Start of Data excerpt

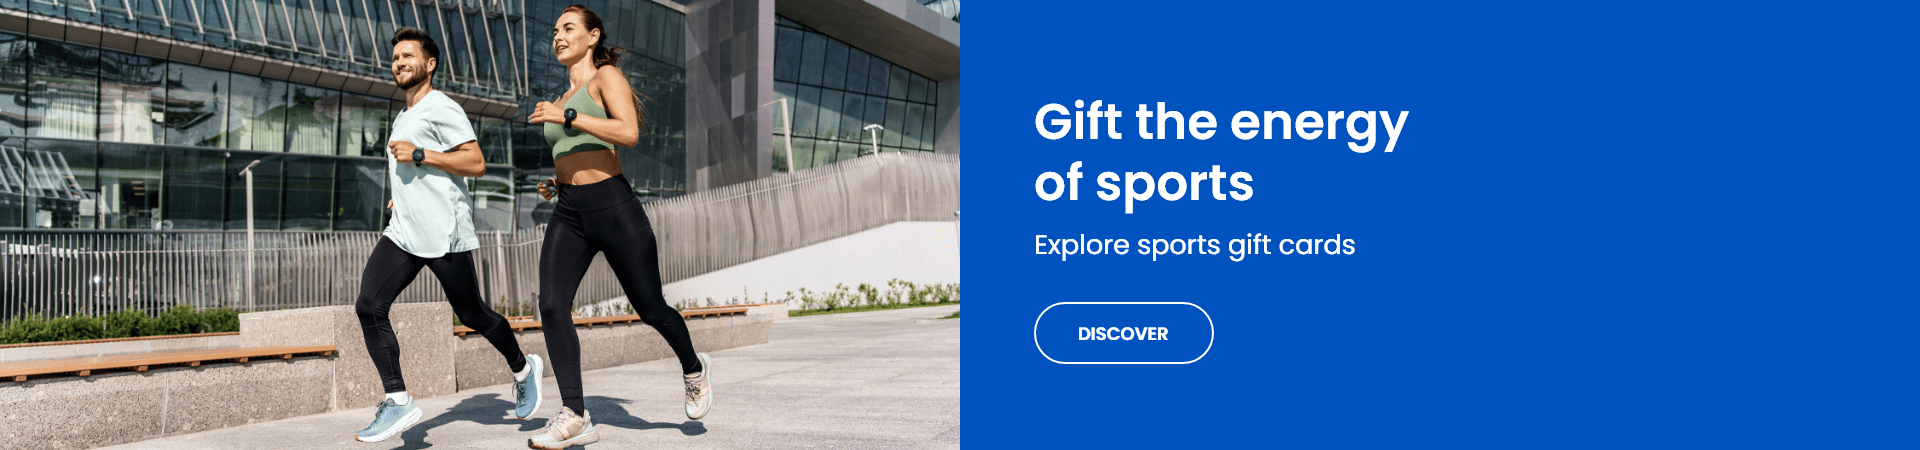 Give the energy of sport with our gift cards.
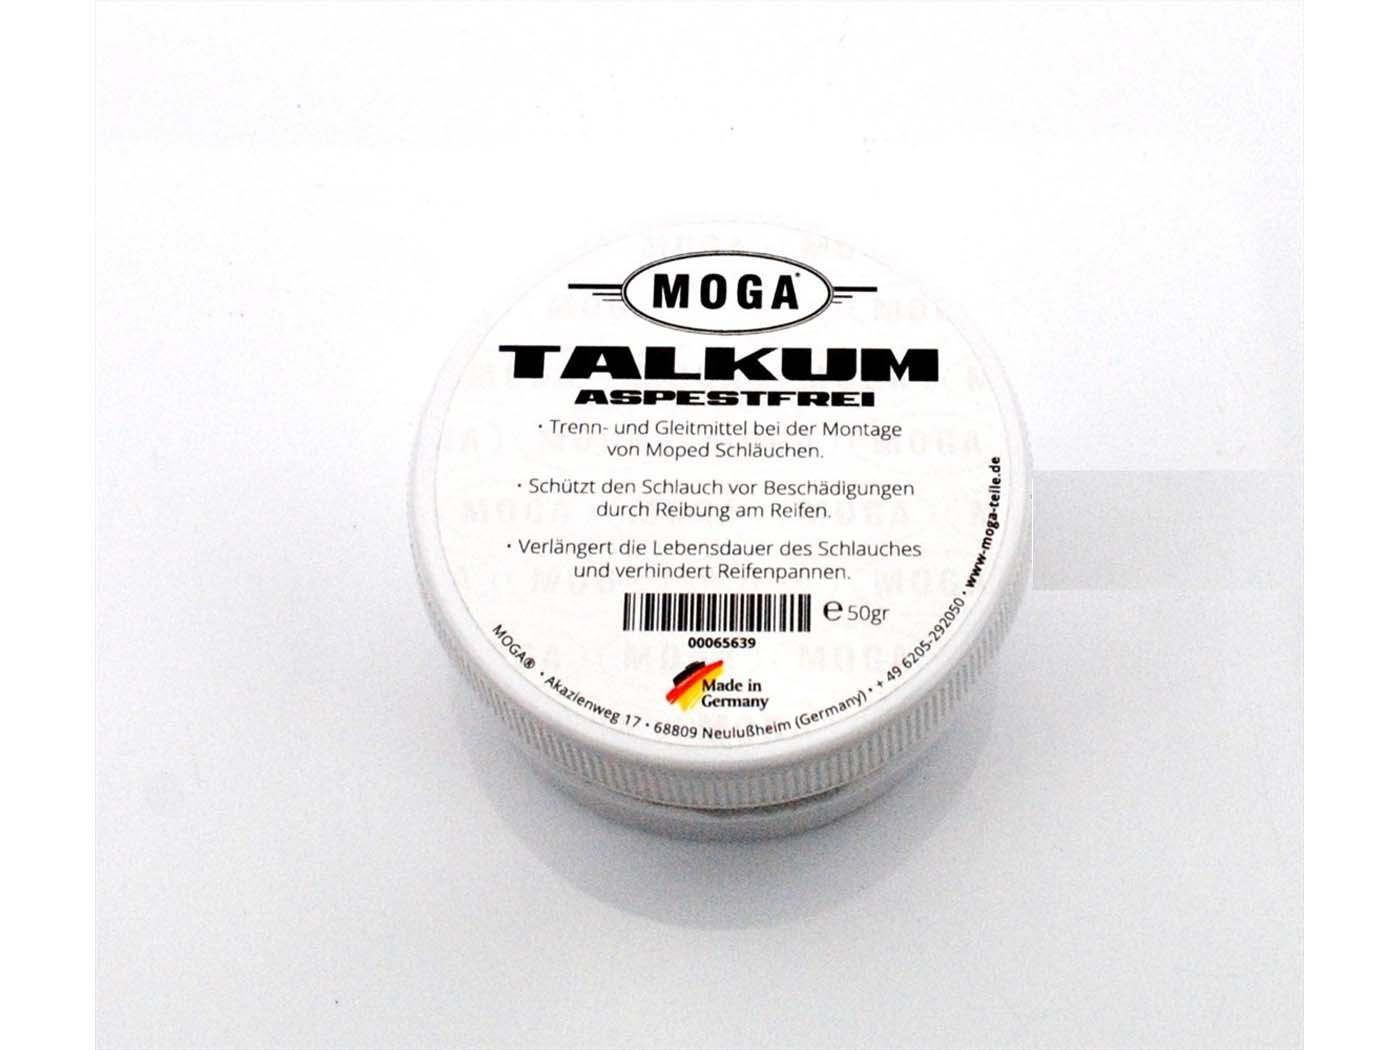 Tire Tube Assembly Talcum 50gr. For Moped Moped Mokick Motorcycle Scooter MOGA
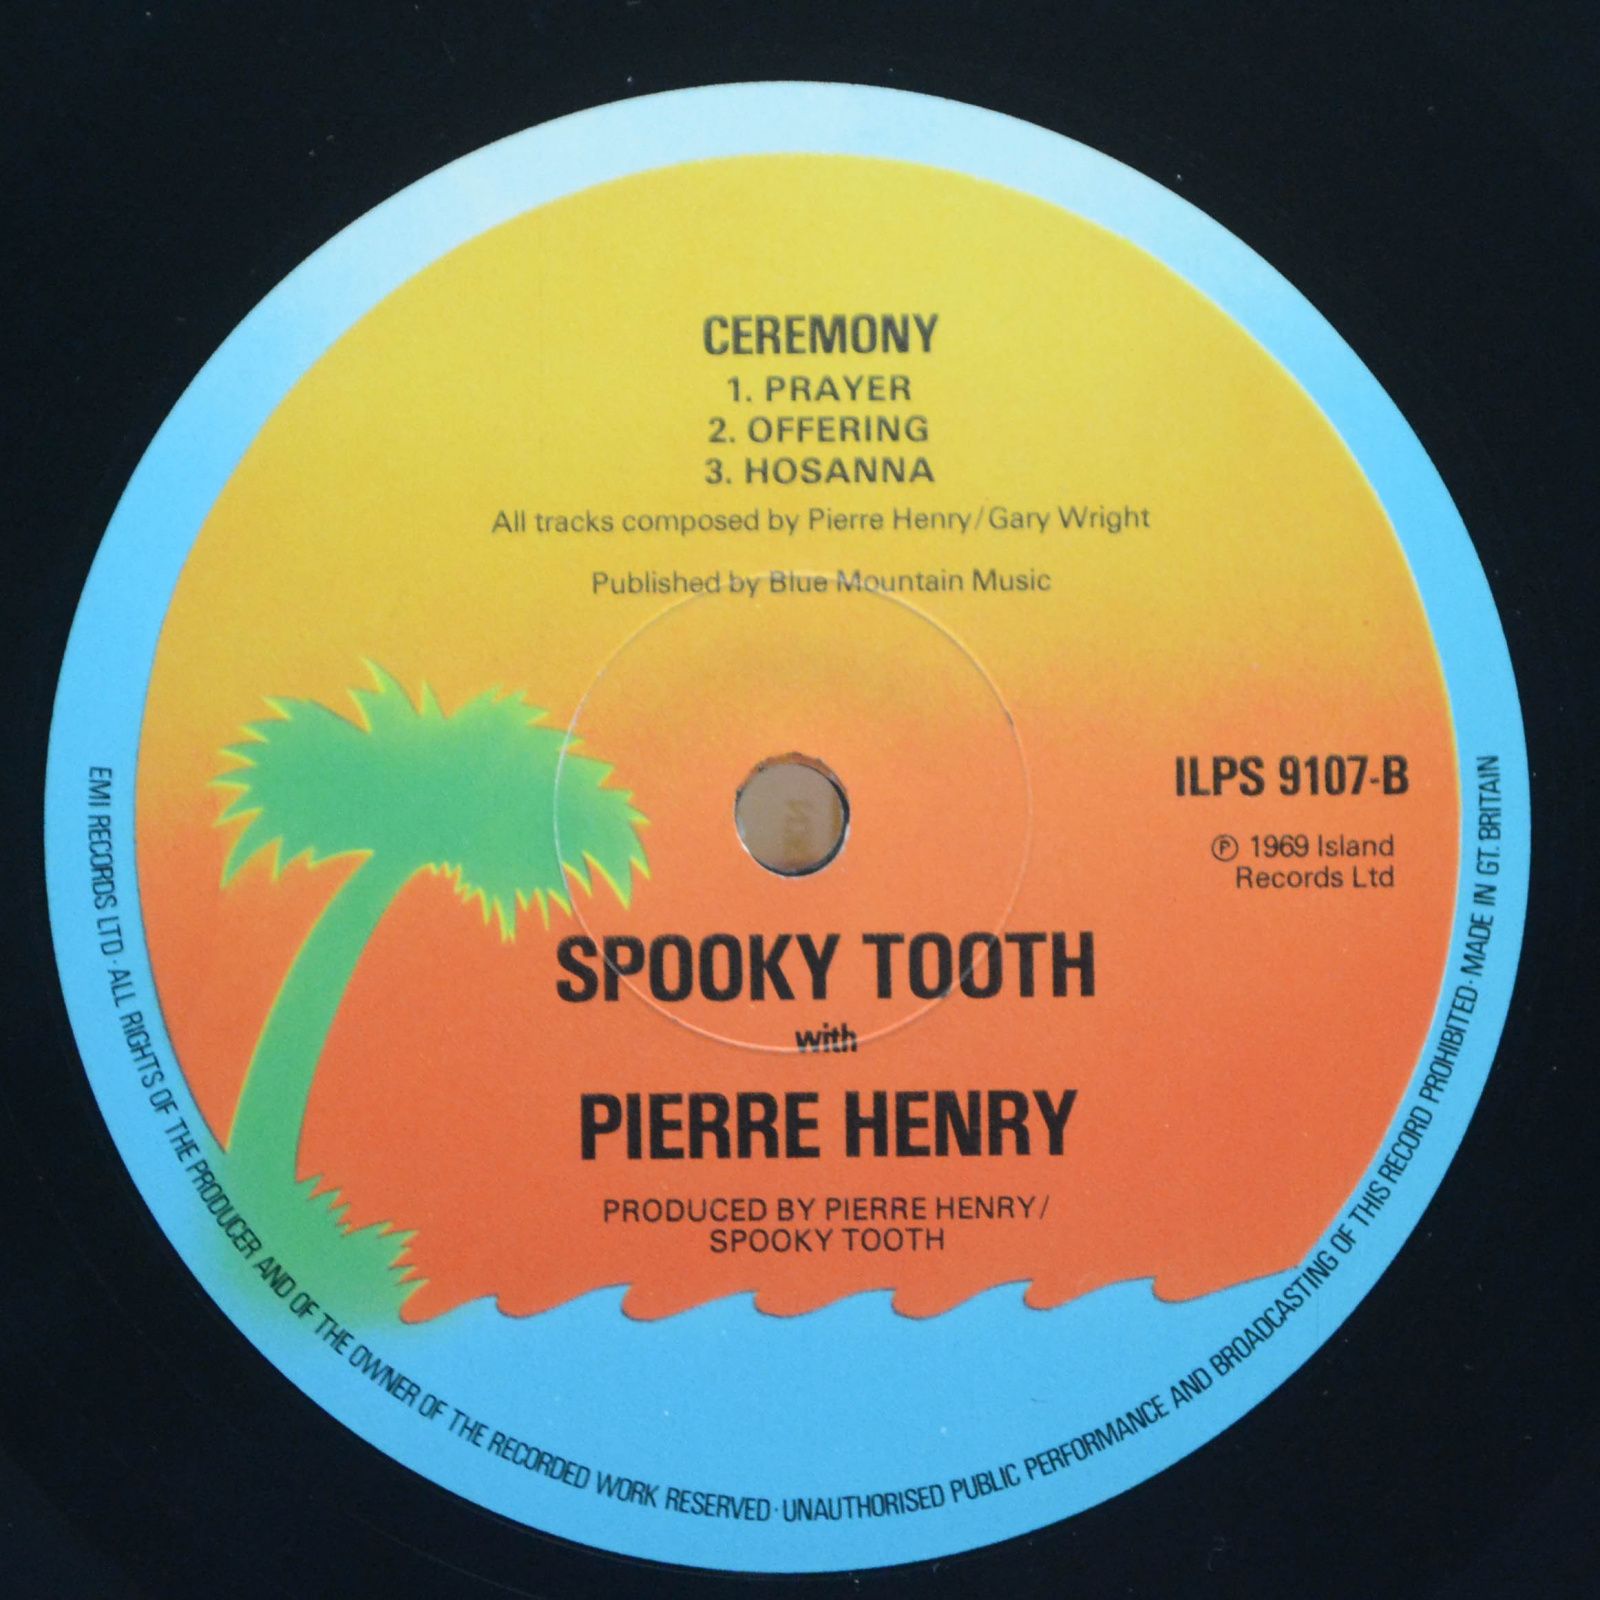 Spooky Tooth / Pierre Henry — Ceremony. An Electronic Mass. (UK), 1969
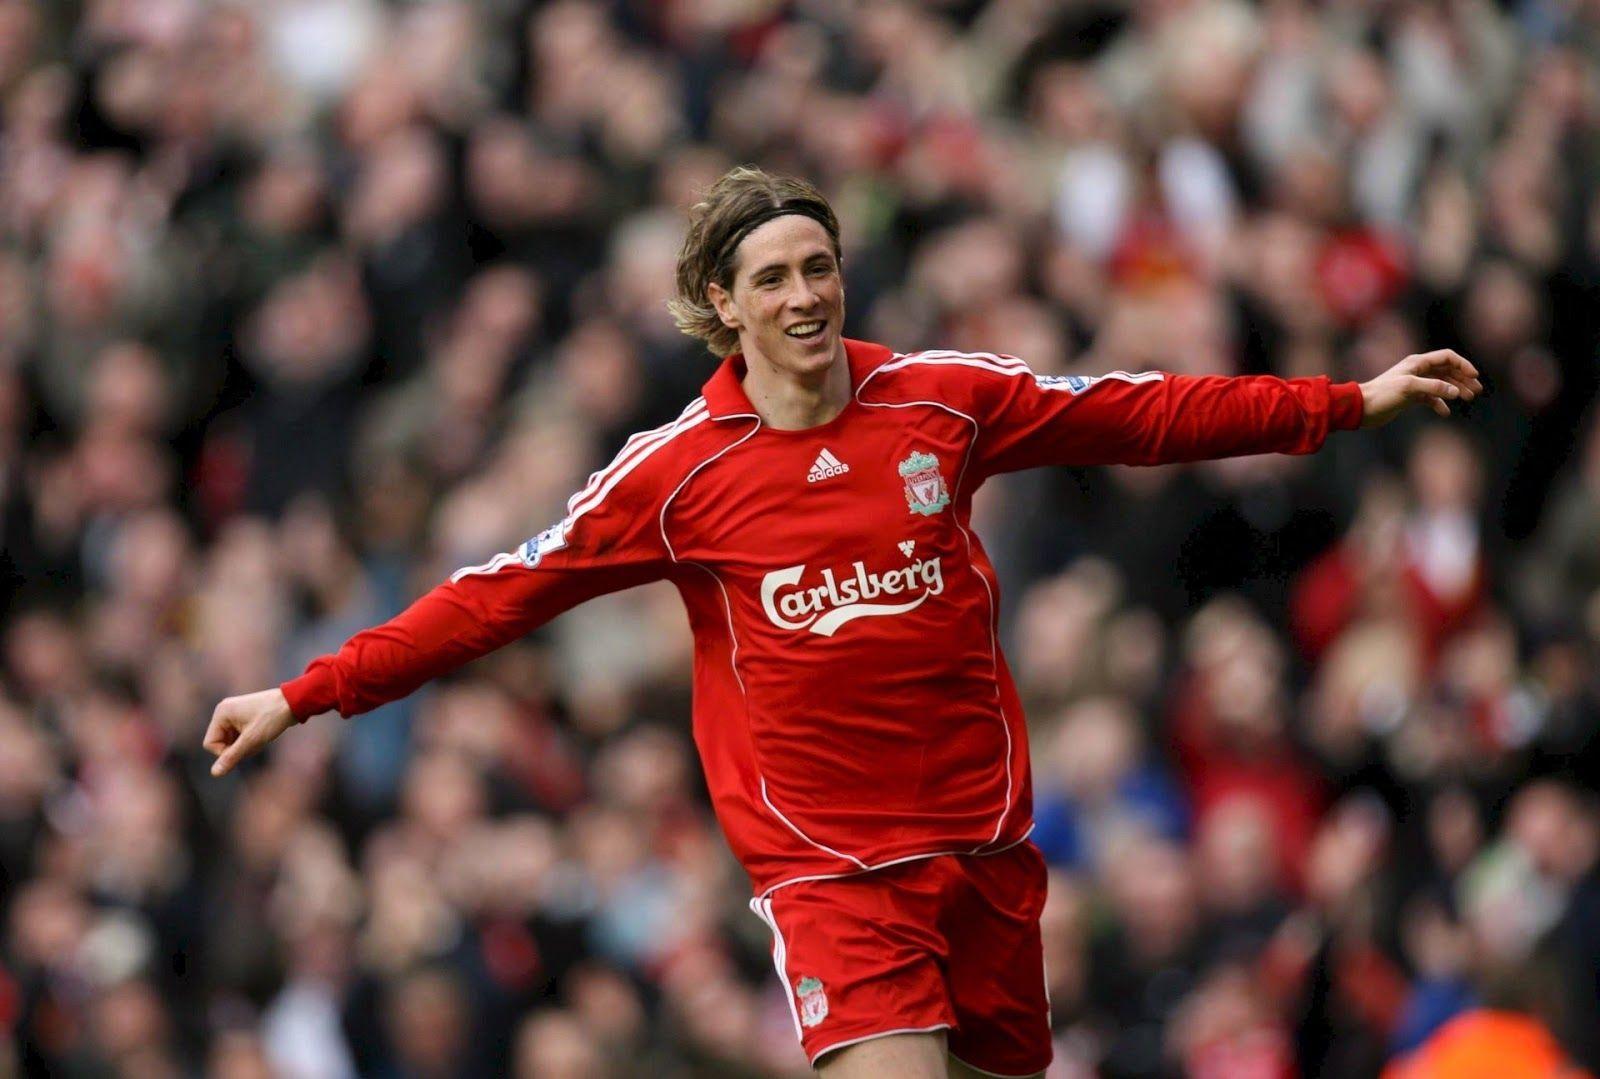 Fernando Torres Latest HD Wallpaper And Image Gallery Free

End of Data excerpt

§ Work instruction:
Would you set down every line of the data above exactly, skipping the pictures?

§ Response to the exercise:
 Give the energy of sport with our gift cards.
 Tire Tube Assembly Talcum 50gr. For Moped Moped Mokick Motorcycle Scooter MOGA
 Spooky Tooth / Pierre Henry — Ceremony. An Electronic Mass. (UK), 1969
 Fernando Torres Latest HD Wallpaper And Image Gallery Free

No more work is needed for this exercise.